A tutorial course designed by the student with the assistance of a member of the Comparative Literature faculty who is willing to supervise it. Offers the student an opportunity to pursue a subject of special interest through a distinctive program of readings and reports. During the term prior to the course, applicants must submit a course outline to the Chair for written approval.

80. Advanced Seminar: Special Topics

Not offered in the period from 10F through 12S

85. Senior Seminar in Research and Methodology

11W, 12W: Arrange. Spitta.

87. Thesis Tutorial

11S, 12S: Arrange.

Permission of the Chair is required.

100. Contemporary Literary Criticism and Theory

10F: 10A 11F: 10A

In 10F, What is Theory? Since the beginnings of the 20th Century, critical theory has slowly transformed the study of literature. This course examines some of the major texts in the field, including the roots of contemporary critical practices in philosophy, linguistics, and semiotics, as well as some of the latest, “cutting edge” applications of theory to all kinds of cultural “objects”: texts, films, clothes, bodies, genders, identities, buildings, cities, nations, etc. Works by Saussure, Jakobson, Foucault, Lacan, Benjamin, Derrida, Hegel, Butler, and others. Open to M.A. candidates only. Kritzman.

In 11F, Meaning…. The concept of “meaning” relies on certain assumptions about texts, interpretation, and communities. Attending to the roots of contemporary critical practices in philosophy, linguistics, and semiotics, we will consider some of the latest, “cutting edge” ideas in literary and critical theory as they relate to all kinds of cultural “objects”: written texts, films, bodies, identities, buildings, cities, nations, etc. Works by Hegel, Nietzsche, Saussure, Kristeva, Foucault, Lacan, Benjamin, Derrida, Butler, and others. Open to M.A. candidates only. Biron.

101. Topics in Literary Criticism and Theory

11W: 3A 12W: 12

In 11W, see description under Comparative Literature 73. Prerequisite for M.A. candidates: Comparative Literature 100. Kacandes.

In 12W, see description under Comparative Literature 73. Prerequisite for M.A. candidates: Comparative Literature 100. Warren.

102. Tutorial

10F, 11F: Arrange

Arrange with advisor.

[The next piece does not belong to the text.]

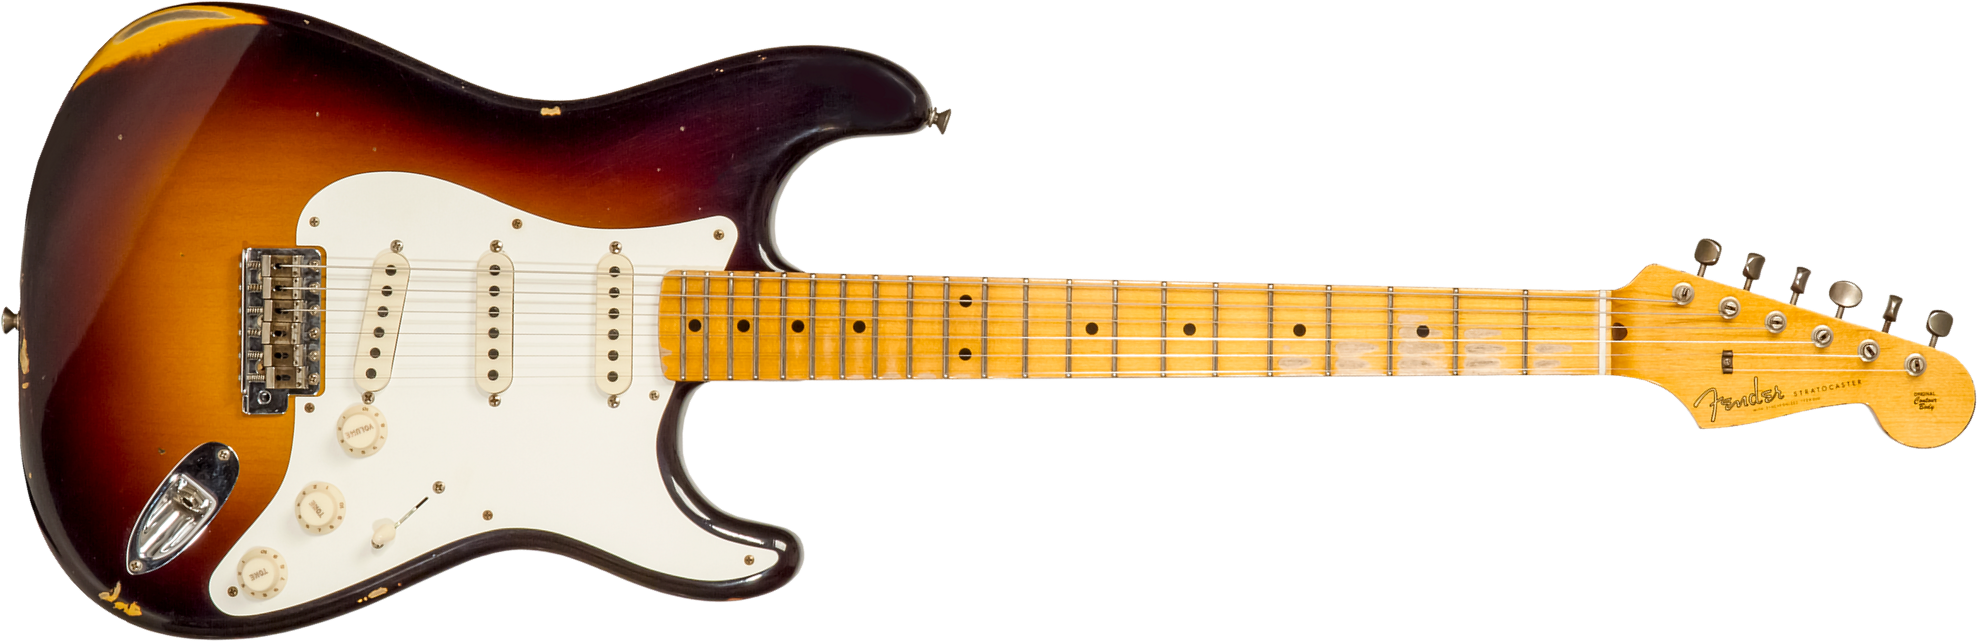 Fender Custom Shop Strat 1957 3s Trem Mn #cz571791 - Relic Wide Fade 2-color Sunburst - E-Gitarre in Str-Form - Main picture

This course is open to M.A. candidates only.

103. Workshop in Critical Writing

11S, 12S: 3A

Critical thinking and concise, persuasive writing are prerequisites for any professional career. In fact, both go hand in hand. The Workshop in Critical Writing introduces graduate students to advanced research techniques, to the conventions of scholarly discourse, and to the various kinds of writing practiced in literary studies. We will analyze scholarly articles as examples of research methods, argument development, rhetorical technique, and stylistic presentation; we will test a variety of practical approaches to the interpretation of literary texts; and we will explore how we might use theory in critical argument. Students will be asked to prepare and submit a scholarly article using previous written work of their own (senior thesis, independent study project) as a basis. The workshop format of the course will permit students to read and critique each other’s work and to sharpen their editorial skills. Washburn. This course is open to M.A. candidates only. Mladek (11S), Kopper (12S).

105. Graduate Seminar

11W, 12W: Arrange. Verona.

This course is open to M.A. candidates only.